:: WORK INSTRUCTIONS ::
Restate all of the following data exactly, keeping any images out of the copy.

:: DATA EXCERPT ::
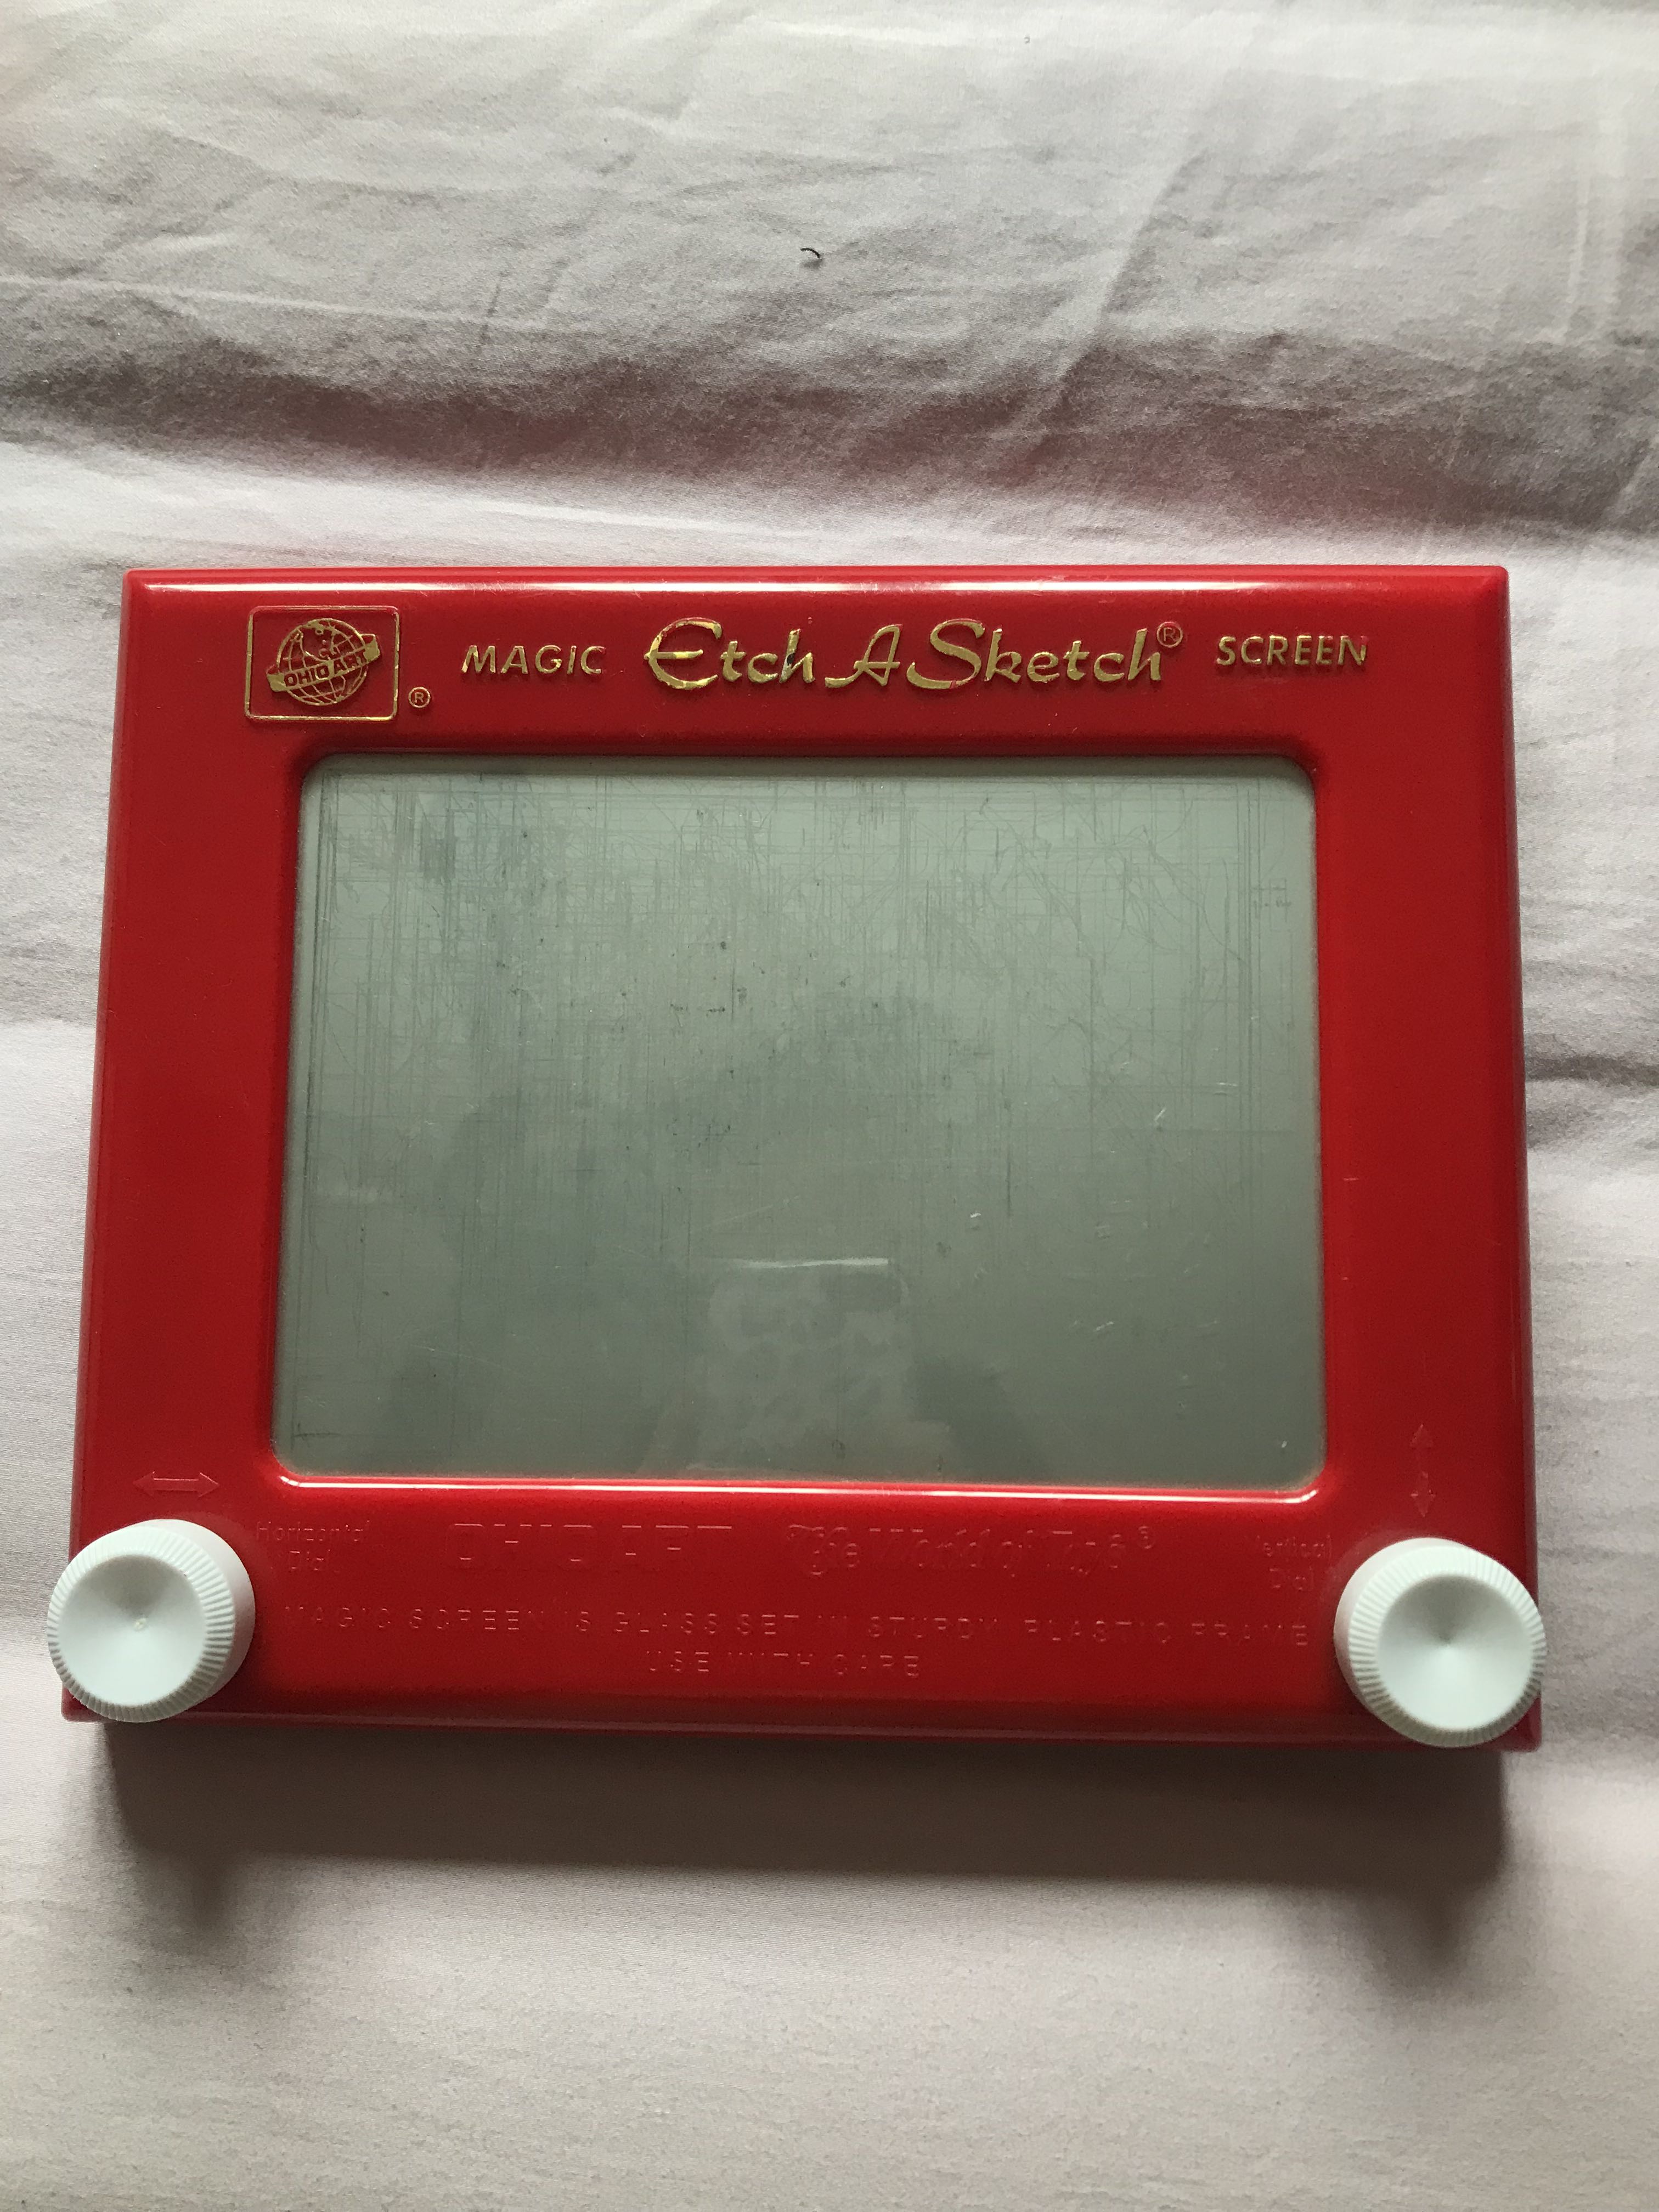 How to build Etch-A-Sketch with vanilla JavaScript, by Javitocor
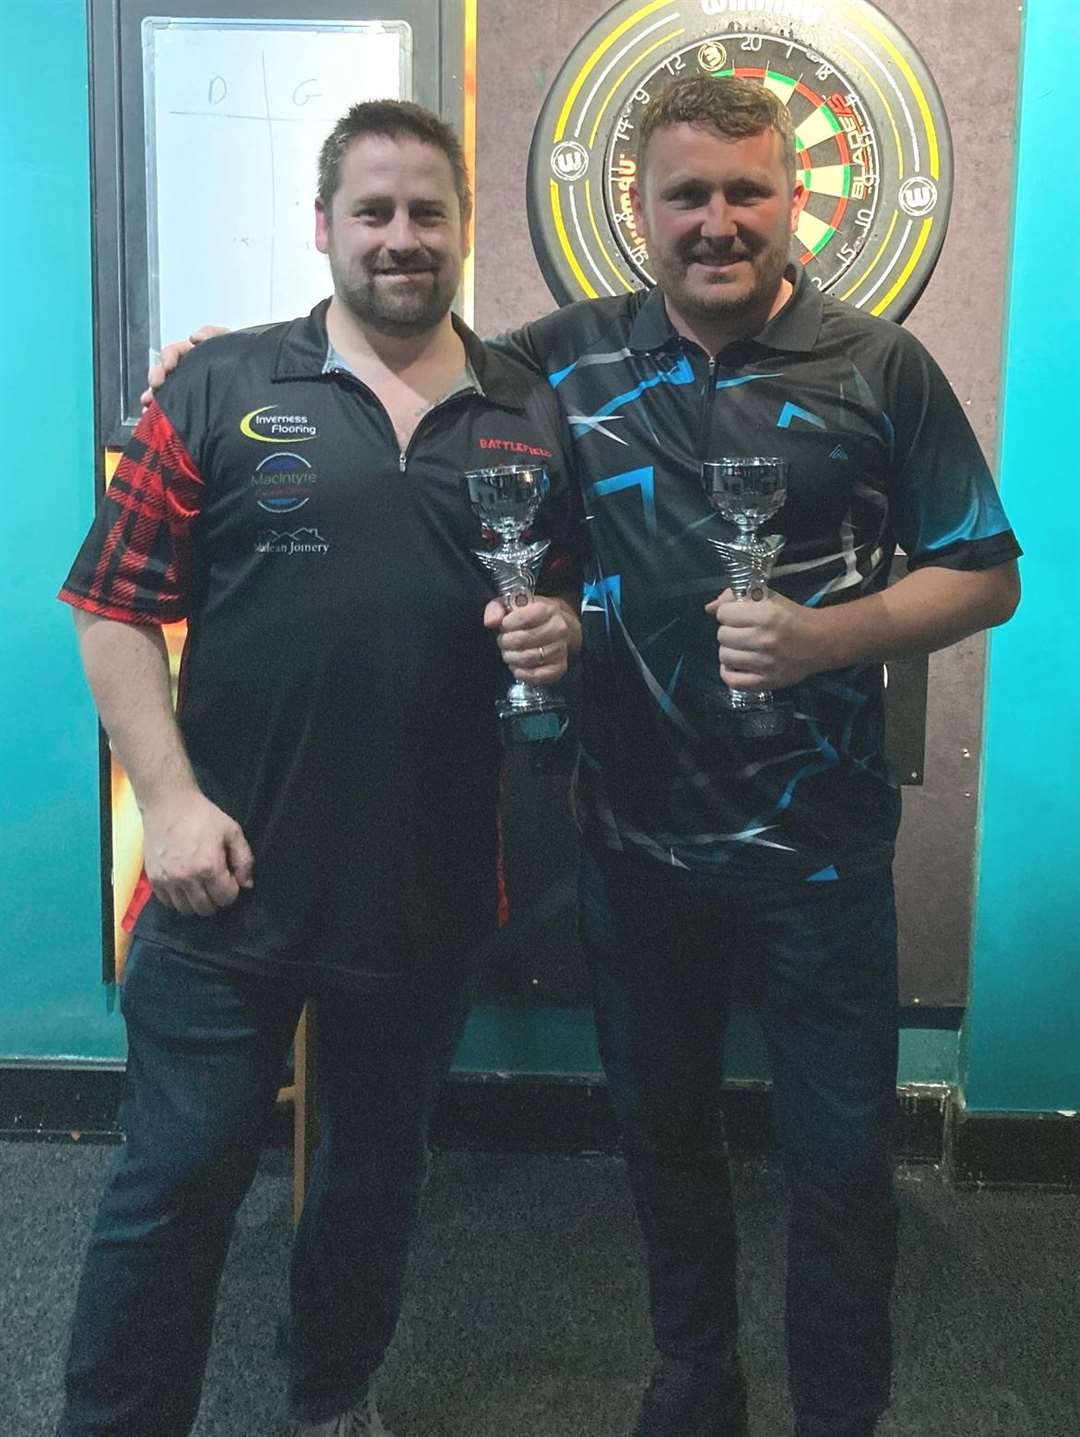 Derek Maclean and Nicky Denoon celebrate winning the A League Pairs.
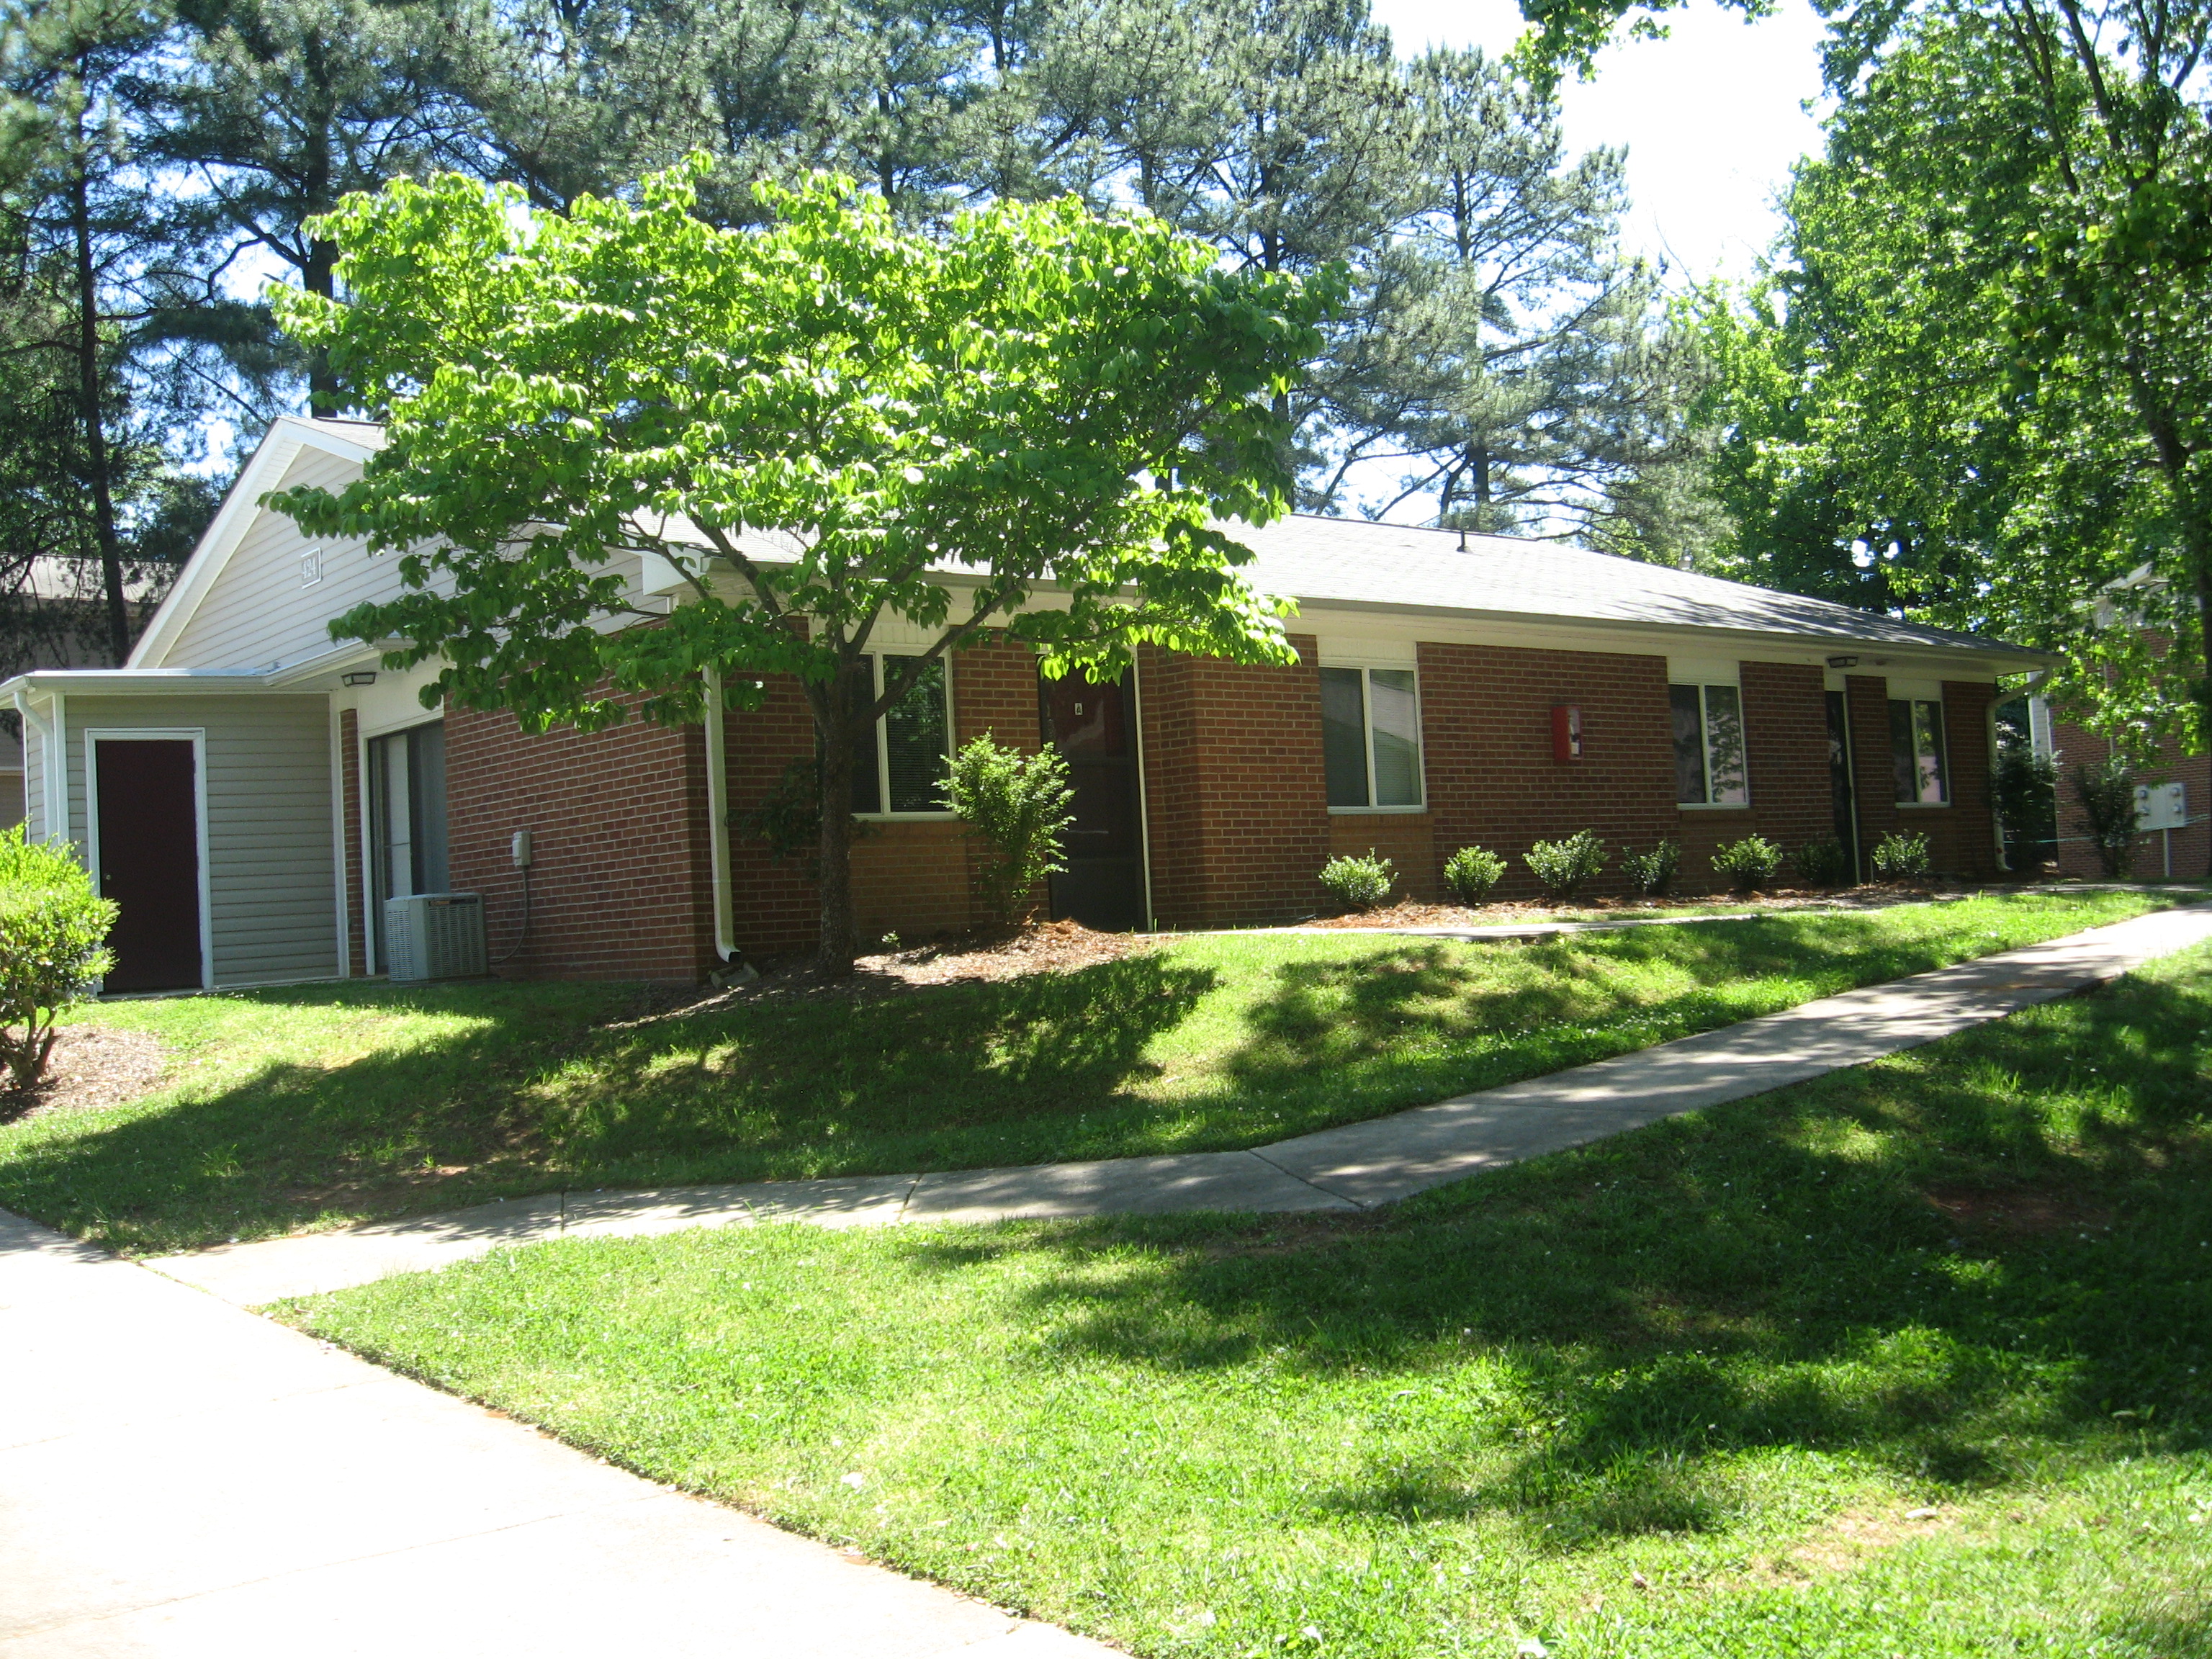 WESTVIEW VALLEY APARTMENTS

:: EXPECTED ANSWER ::
 How to build Etch-A-Sketch with vanilla JavaScript, by Javitocor
 Derek Maclean and Nicky Denoon celebrate winning the A League Pairs.
 WESTVIEW VALLEY APARTMENTS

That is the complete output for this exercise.